Section 23.3
Packets

Bits are organized into packets, which are just abstract divisions of the bit stream in time. A packet is a kind of data structure, like a Pascal record or a C struct. It is broken into logical units, each of which has a predefined length and a set meaning. Fig. 23.3.1 shows a typical packet format.

This packet format has fixed and variable fields. The first 40 bits, called the header, are fixed in length and meaning. The next group of bits, representing the actual data, is variable in length, although it must always be units of 8 since we are transmitting bytes. This isn't always necessary and some protocols are bit-oriented rather than byte-oriented, being able to transmit arbitrary bit streams rather than forcing them to be broken into 8-bit bytes. In order to detect how long this section is, the fixed field immediately before it, which is a 16-bit byte count, must exist and tell how many bytes will follow. 216 is 65,536, so this many bytes can be sent in one packet. Though the data field is variable in length, there is nothing non-deterministic in this packet layout. By reading the first 40 bits the receiver knows exactly what the rest of the packet will look like as it arrives over the wire.

There may be zero or several fields that follow the actual data. These comprise the trailer. In Fig. 23.3.1, the trailer consists of one field that contains a checksum which allows the receiver to determine that the packet was not altered in transmission. Error detecting and error correcting codes used in these checksums form a fascinating subfield of networking and are supported by well-known mathematical theory. We can but mention a few highlights.

The simplest form of error detecting code is parity, which adds a 1 or a 0 in order to make the number of 1s either even or odd, depending upon whether even parity or odd parity is desired. Parity can detect single errors, i.e. occurrences of a single bit in a packet being changed from 1 to 0 or 0 to 1, but it cannot fix such an error. Nor can it detect a double bit error, although it can detect a triple or any odd-numbered error. Thus parity is quite limited.
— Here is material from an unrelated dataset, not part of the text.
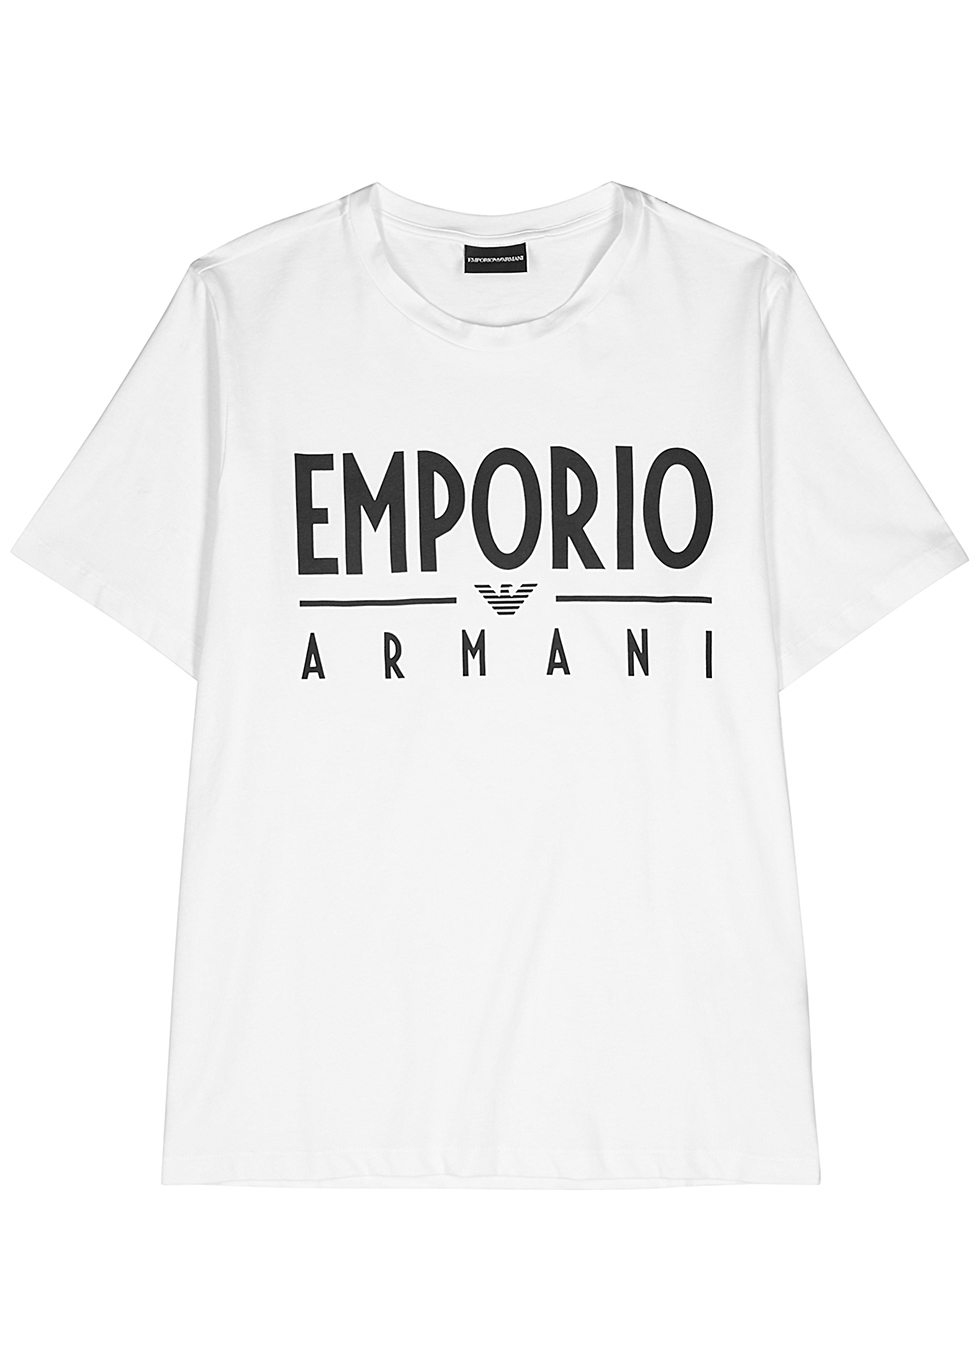 armani collection shirt

Two-dimensional parity, as discussed in the exercise, makes it possible to detect and correct single bit errors, but two-bit errors and burst errors (a sequence of bits that have all been altered or some of which have been altered) are still undetected. Fig. 23.3.2 shows a 2-dimensional parity scheme using even parity. A single bit error is detected at the intersection of a row and a column that has an incorrect parity bit.
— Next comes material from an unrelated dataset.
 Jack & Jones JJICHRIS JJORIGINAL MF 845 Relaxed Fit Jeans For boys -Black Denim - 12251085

Fig. 23.3.2: 2-dimensional even parity is able to detect and fix single errors

Of course the bits really aren't transmitted in a two-dimensional form. Several methods of actually sequencing the bits onto the wire are possible -- either transmit each column at a time or each row at a time.
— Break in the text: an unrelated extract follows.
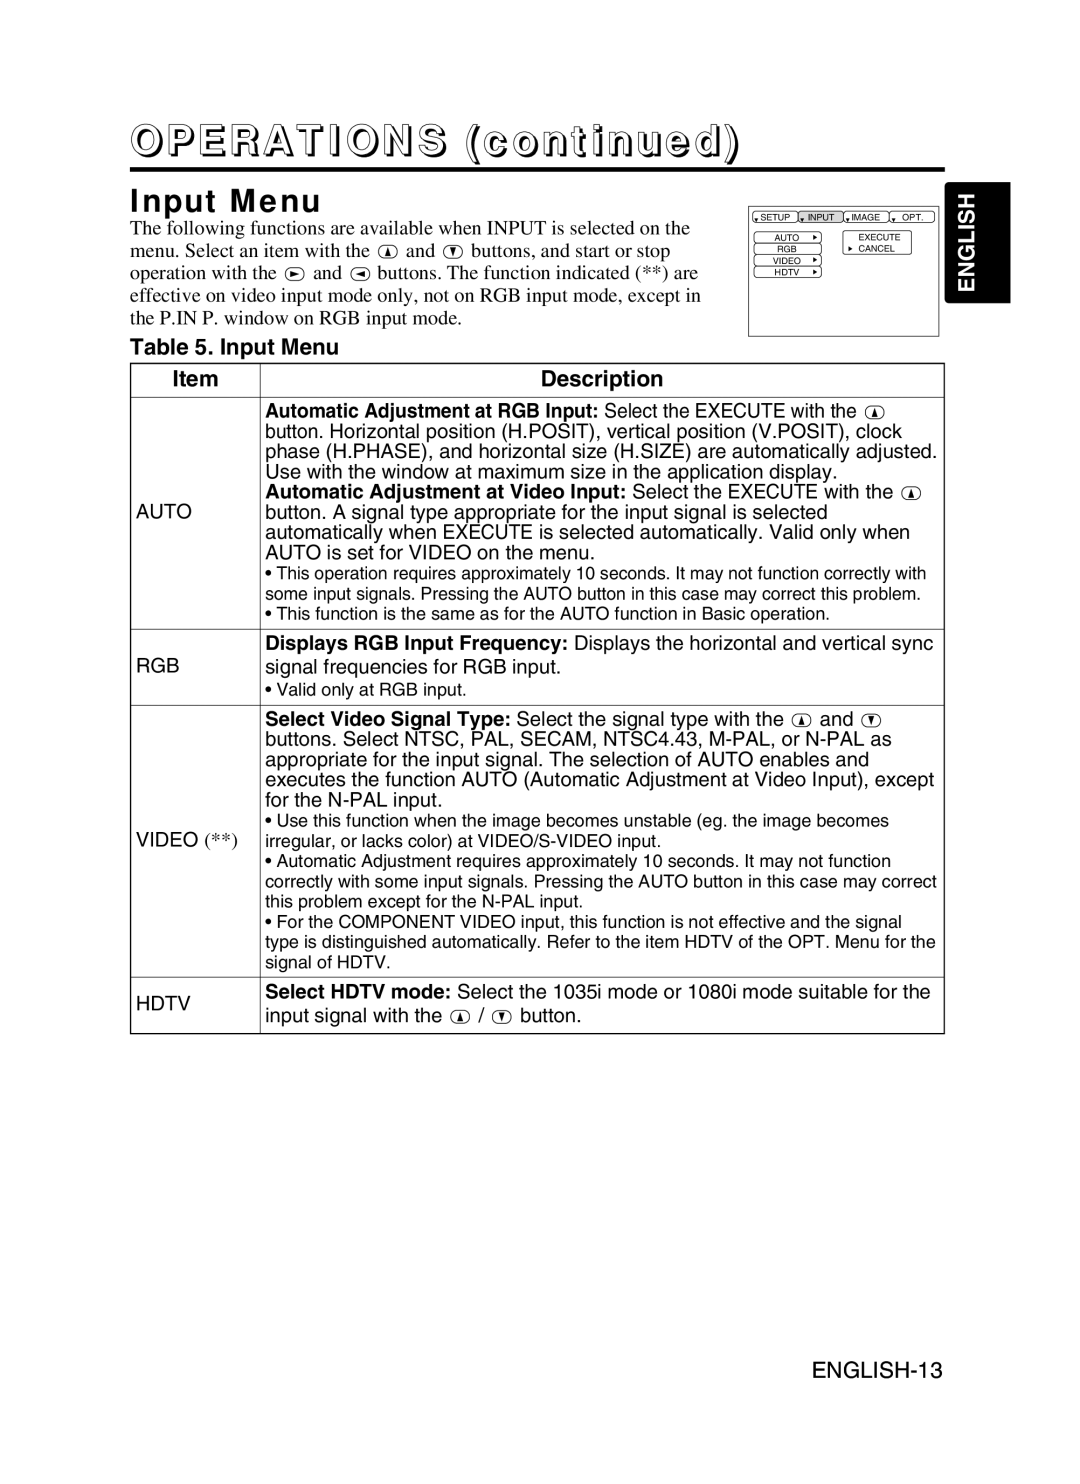 BOXLIGHT CP-775I user manual Input Menu, ENGLISH-13, OPERATIONS continued, English, Description

One method that is used by some simple protocols is a modulo sum. The ASCII bytes that come across the wire are treated as unsigned 8-bit binary numbers and added into an ongoing sum. Any carry is thrown away, which is identical to taking the 256 modulus of the sum. In fact, this may have been the origin of the term checksum, which combines the purpose (to check for errors) with the method (summing the bytes). A variation of this method used by the TCP protocol is to use the XOR function instead of full binary addition, since XOR is faster.

Checksumming by simple addition or XORing suffers from several weaknesses in that it can fail to detect some kinds of errors. For example, swapping the order of the bytes has no effect on the checksum, since addition and XOR is commutative. Mathematicians study all the various techniques and chart the characteristics of each method, such as how bit errors can it detect, how many can it correct, and how far apart error bits can be in a burst error before the method will break down.

One method that is highly reliable but too complicated for us to study here is called the cyclic redundancy code, or CRC. It uses some interesting number theory involving division of polynomials to come up with the checksums and is extremely accurate. A 16-bit long CRC code can catch all single and double errors in an arbitrarily long transmission sequence, and all burst errors of length 1 through 16, and 99.997% of 17-bit error bursts and 99.998 percent of 18-bit and longer error bursts! Obviously, it is the preferred error code, but it is somewhat complicated to compute in software, which is why it is not used everywhere. Special chips have been developed which can compute it using fast hardware called shift registers.